And I think that really calls out the leadership position, which we’re continuing to build on and couldn’t be more excited about the progress we’re making in PFA, which we believe also will continue to drive that performance. There has been some noise specifically in relation to our Vision business. But please rest assured, we are extremely confident in the underlying health of our Vision portfolio. This is a business that grew 6.6% last year, and we expect it to grow in high single-digit performance this year. There has been some stocking issues related to distributor inventory, which was the predominant driver of the performance you see this year. But once again, very confident that we’ll see that return to strong single-digit performance for the remainder of the year.
There have been a couple of one-timers both in terms of selling days, as we mentioned earlier, about 80 bps of selling days and then a revenue recognition change within our orthopedics business, which impacted that business by about 300 basis points. But all in all, a strong quarter Larry, and we remain very committed to strong high single-digit growth for the remainder of the year for 2024. Thank you.

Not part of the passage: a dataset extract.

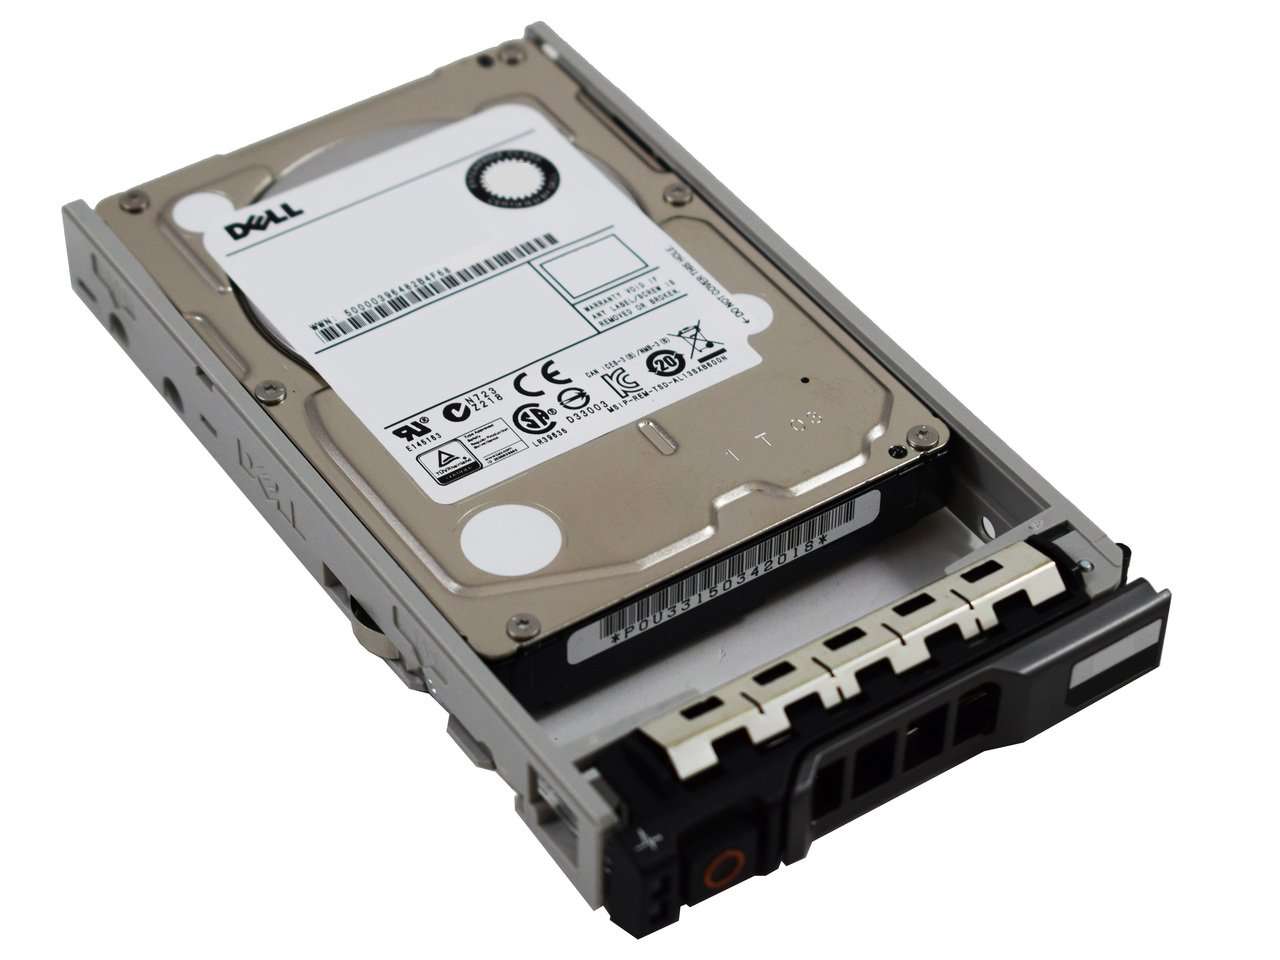 Dell G13 400-21564 600GB 10K RPM SAS 6Gb/s 512n 2.5" Manufacturer Recertified HDD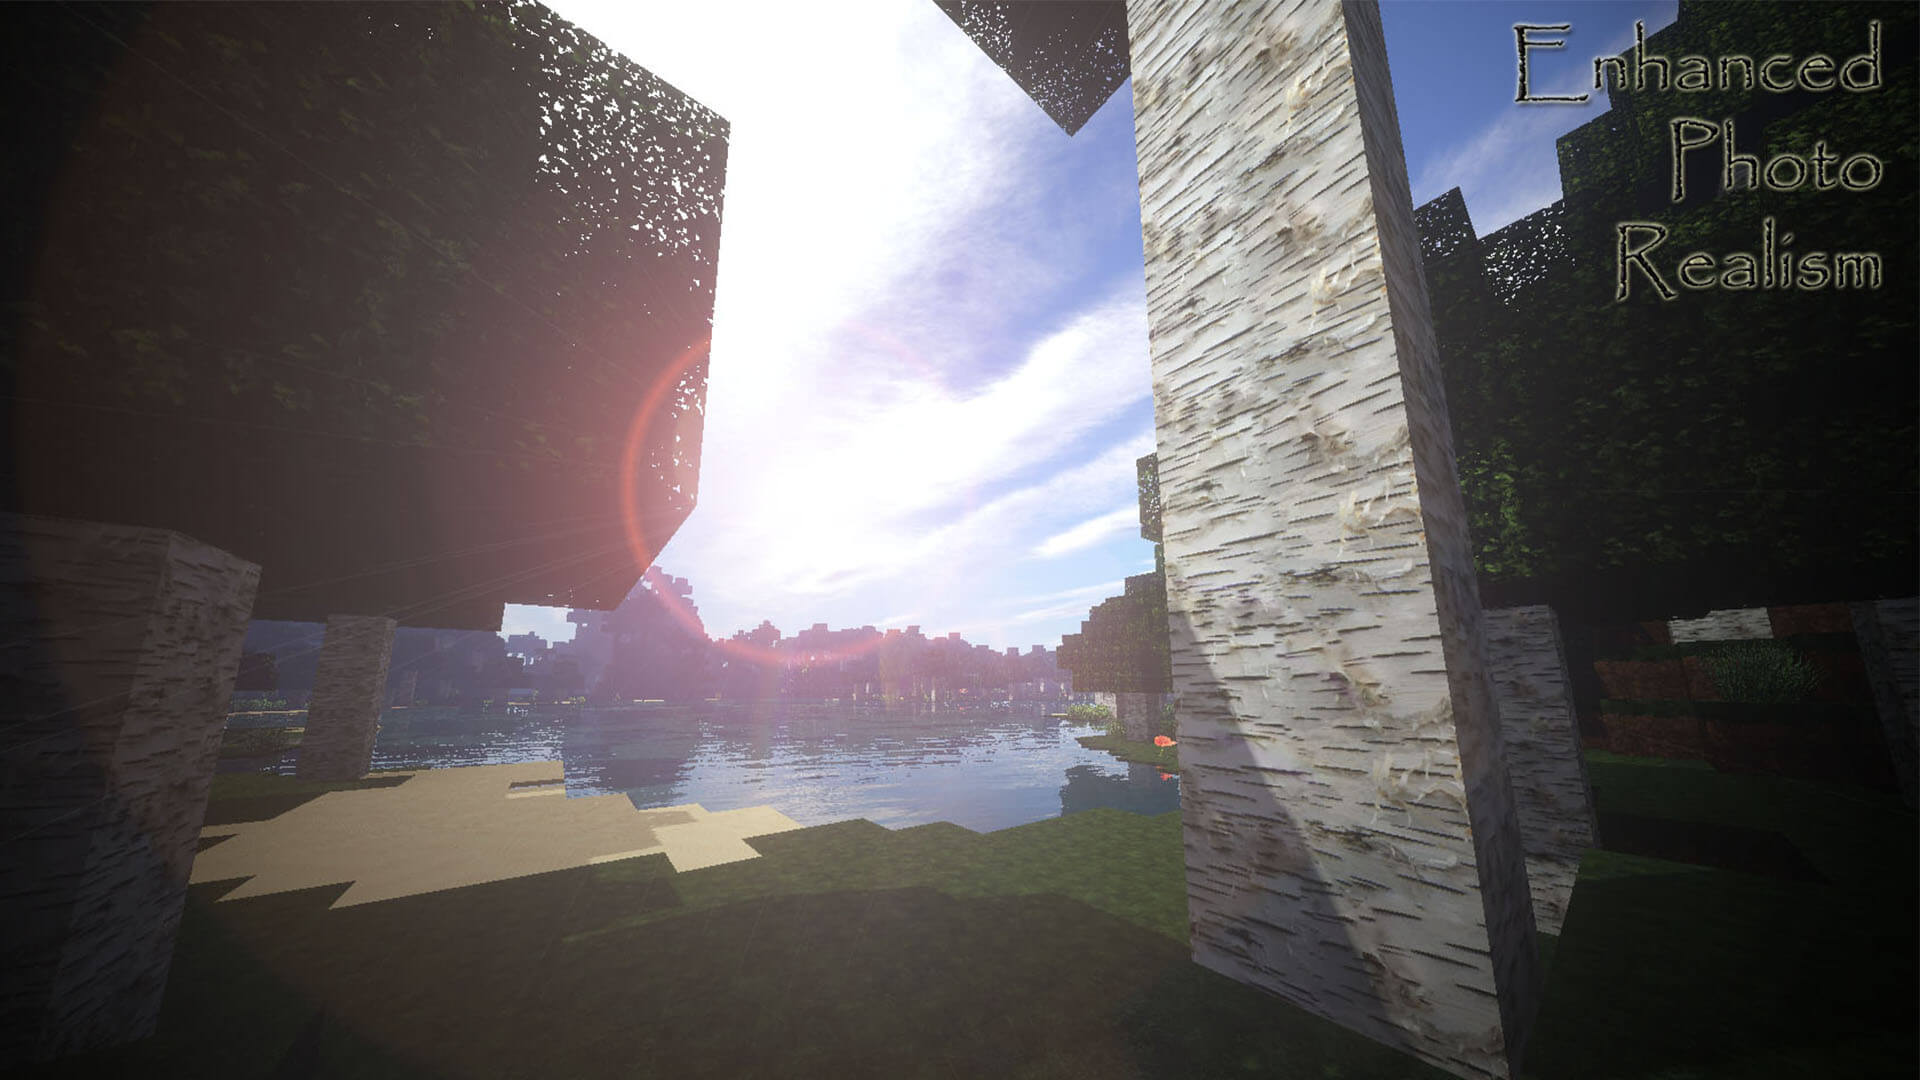 LB Photo Realism Texture Pack Image 1

Joseph J. Wolk: Larry, I just want to maybe add on to Tim’s good comments there. The one timers, there was tailwinds and headwinds in that number. So the 6.3% that you’re seeing is 6.5% is pretty much a true number when you consider both sides of the equation.
Operator: Thank you. Our next question is coming from Chris Schott from J.P. Morgan. Your line is now live.
Christopher Schott: Great, thanks so much for the question. I think BD type question here. I guess following the Shockwave acquisition, what’s the appetite, I guess, for further away, maybe talk about like larger tuck-in type transactions either in your MedTech or Pharma business. It just seems like the portfolio and the pipeline at J&J has evolved pretty nicely over the past few years and I’m interested if you think the business is now at a point where we can think about maybe smaller earlier-stage assets as the primary focus for BD or do you still have a greater sense of urgency either in MedTech or pharma to add some of these kind of bolt-on type transactions going forward? Thanks so much.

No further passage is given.